For non safety-critical jobs with reliability requirements below 10 −7 failures/hour (e.g., SIL 1/SIL 2 according to IEC 61508 [88] ), we assume that all jobs may fail. Even in this case, the error containment mechanisms at the level of the communication and computational resources need to ensure that no error propagation towards the safetycritical jobs occurs.
Recovery Interval of an FCR. Although a software fault is by definition a permanent fault, we assume that (permanent) software faults that have evaded validation result with high probability in transient failures of software FCRs. For this reason, we assume that the system software detects job failures (e.g., violation of worst-case execution time) and performs a restart of the partition hosting the job.
A design fault in a job will manifest itself conditionally as a failure of the job depending on the execution context (e.g., inputs). As long as this context prevails, a restart of the job repeatedly causes a failure. The recovery interval denotes the duration of the time interval between the disappearance of the context for the software fault and the time at which the correct service of the job is provided again.
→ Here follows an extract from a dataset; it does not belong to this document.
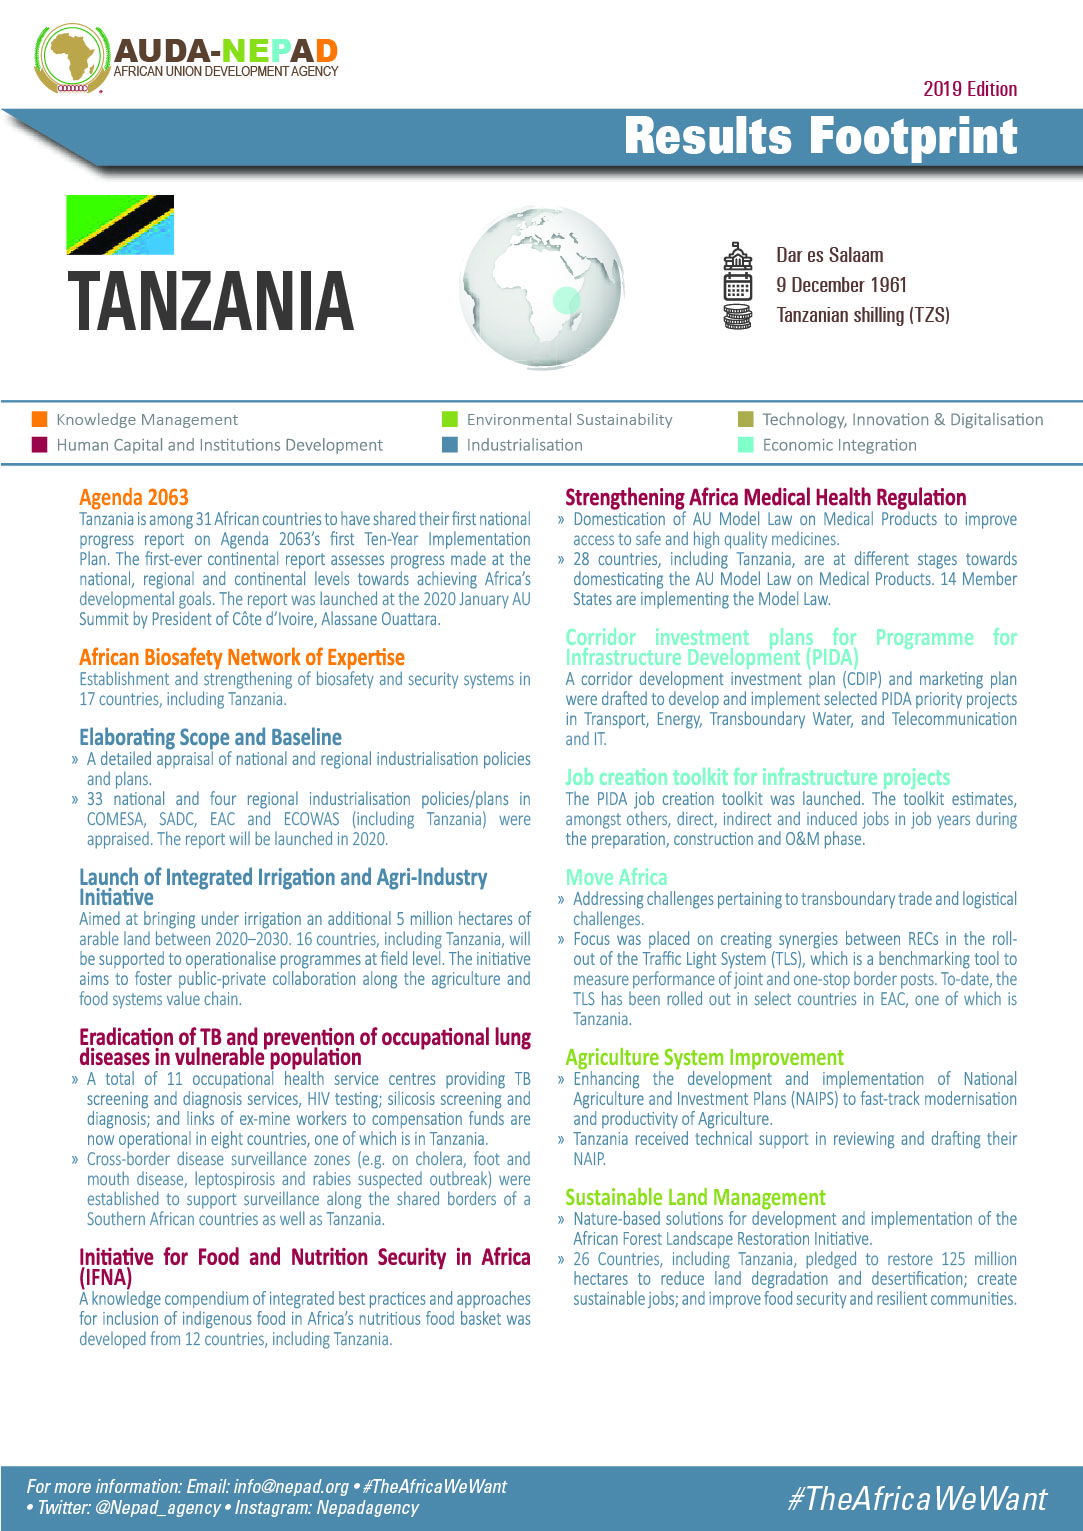 2019 AUDA-NEPAD Footprint: Country Profiles: Tanzania

After the disappearance of the context, the software FCRs is expected to recover within the same time interval (50 ms) as in case of a transient failure of a hardware FCR. If the context prevails, the job does not recover.
CONCLUSION
The fault hypothesis of a safety-critical distributed embedded real-time system is the basis for the design and validation of the fault-tolerance algorithms, the determination of the assumption coverage, and the construction of the safety argument. In integrated systems, the fault hypothesis needs to take into account the presence of multiple application subsystems that can possess different criticalities, thus having different requirements concerning reliability. In general, such application subsystems will exhibit significant differences concerning the residue of design faults after deployment due to different development processes driven by economic constraints. In safety-critical application subsystems, the absence of design faults can no longer be shown by testing alone. The achievement of the reliability includes a rigorous development process, formal verification, and involvement of a certification agency. For non safety-critical application subsystems, certainty about the complete absence of design faults is usually economically infeasible. The level of rigidity in the development process of safety-critical applications would be too expensive. For this reason, an integrated architecture needs to prevent error propagation between application subsystems in order to prevent a design fault in a non safety-critical application subsystems from affecting safety-critical ones. The assumptions (e.g., identification of fault containment regions w.r.t. software faults) introduced in the fault hypothesis of this paper are a prerequisite for the development of these error containment mechanisms.
Apart from handling mixed criticality systems, error containment mechanisms building on top of the presented fault hypothesis are also a major step towards a seamless system integration with clear integration responsibilities. Since each of the introduced fault containment regions w.r.t. software faults can be attributed to a liable organizational entity (e.g., a specific supplier), effective error containment between fault containment regions avoids correlated system-wide failures that would blur the origin of a fault.
ACKNOWLEDGMENTS
This work has been supported in part by the European IST project ARTIST2 under project No. IST-004527 and the European IST project DECOS under project No. IST-511764.